## [WHAT THE TASK ASKS]
Scan the records beneath this line for the line holding "Gazal Fashions - Red" and the line holding "Dachshund Dog Badge - Black and Tan", then transcribe exactly those two and all lines between.

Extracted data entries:
........
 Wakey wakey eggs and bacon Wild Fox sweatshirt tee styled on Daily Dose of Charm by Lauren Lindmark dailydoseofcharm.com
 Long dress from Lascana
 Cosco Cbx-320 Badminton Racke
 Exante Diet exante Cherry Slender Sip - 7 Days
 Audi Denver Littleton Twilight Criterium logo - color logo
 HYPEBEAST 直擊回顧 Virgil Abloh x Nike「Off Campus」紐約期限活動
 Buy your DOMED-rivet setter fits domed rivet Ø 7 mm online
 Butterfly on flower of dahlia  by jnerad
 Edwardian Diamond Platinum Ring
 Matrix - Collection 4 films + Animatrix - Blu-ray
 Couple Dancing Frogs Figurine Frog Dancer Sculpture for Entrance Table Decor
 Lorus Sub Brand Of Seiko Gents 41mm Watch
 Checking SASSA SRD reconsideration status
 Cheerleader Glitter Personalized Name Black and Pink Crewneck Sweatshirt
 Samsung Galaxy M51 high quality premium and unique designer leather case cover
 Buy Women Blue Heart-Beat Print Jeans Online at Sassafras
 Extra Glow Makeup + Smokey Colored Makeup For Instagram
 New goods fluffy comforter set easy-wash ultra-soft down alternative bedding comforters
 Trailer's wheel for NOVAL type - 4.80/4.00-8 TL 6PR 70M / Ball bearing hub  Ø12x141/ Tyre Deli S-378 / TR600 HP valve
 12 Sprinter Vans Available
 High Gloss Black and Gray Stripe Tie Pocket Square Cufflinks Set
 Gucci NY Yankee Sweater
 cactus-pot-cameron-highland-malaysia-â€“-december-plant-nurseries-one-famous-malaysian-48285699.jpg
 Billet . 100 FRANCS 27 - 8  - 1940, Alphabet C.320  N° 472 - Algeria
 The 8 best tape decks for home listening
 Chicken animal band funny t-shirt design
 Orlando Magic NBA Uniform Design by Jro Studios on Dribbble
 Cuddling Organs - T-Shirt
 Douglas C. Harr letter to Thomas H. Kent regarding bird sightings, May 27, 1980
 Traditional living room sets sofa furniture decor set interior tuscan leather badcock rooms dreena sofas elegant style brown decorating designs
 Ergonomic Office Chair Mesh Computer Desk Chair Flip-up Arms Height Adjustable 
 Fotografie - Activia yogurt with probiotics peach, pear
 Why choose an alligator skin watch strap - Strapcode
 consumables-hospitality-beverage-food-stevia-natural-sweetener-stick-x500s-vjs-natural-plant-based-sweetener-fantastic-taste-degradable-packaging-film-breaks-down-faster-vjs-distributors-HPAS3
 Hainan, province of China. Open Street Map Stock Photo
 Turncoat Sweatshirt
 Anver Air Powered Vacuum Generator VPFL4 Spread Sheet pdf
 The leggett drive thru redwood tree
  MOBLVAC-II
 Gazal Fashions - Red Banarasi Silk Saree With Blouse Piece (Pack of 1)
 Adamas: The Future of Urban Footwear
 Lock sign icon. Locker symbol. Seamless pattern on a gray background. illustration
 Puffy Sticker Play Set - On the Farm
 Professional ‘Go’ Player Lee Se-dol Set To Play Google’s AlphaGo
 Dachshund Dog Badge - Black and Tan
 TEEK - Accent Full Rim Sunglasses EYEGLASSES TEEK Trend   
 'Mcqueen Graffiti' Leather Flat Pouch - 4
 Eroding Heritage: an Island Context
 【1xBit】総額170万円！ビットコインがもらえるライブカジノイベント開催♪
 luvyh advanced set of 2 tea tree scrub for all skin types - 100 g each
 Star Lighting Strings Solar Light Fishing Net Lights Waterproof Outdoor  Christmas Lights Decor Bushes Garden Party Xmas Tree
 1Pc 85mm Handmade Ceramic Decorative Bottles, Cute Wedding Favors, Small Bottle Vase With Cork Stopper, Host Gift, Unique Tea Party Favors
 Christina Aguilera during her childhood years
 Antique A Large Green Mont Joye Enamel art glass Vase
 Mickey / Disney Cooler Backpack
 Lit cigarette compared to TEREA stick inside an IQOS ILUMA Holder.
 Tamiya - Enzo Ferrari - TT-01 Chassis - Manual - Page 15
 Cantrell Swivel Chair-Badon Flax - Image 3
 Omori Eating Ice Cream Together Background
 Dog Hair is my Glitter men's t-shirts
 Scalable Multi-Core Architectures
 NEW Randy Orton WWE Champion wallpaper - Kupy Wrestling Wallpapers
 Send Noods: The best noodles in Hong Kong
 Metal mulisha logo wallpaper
........
## [OUTPUT FOR THIS TASK]
 Gazal Fashions - Red Banarasi Silk Saree With Blouse Piece (Pack of 1)
 Adamas: The Future of Urban Footwear
 Lock sign icon. Locker symbol. Seamless pattern on a gray background. illustration
 Puffy Sticker Play Set - On the Farm
 Professional ‘Go’ Player Lee Se-dol Set To Play Google’s AlphaGo
 Dachshund Dog Badge - Black and Tan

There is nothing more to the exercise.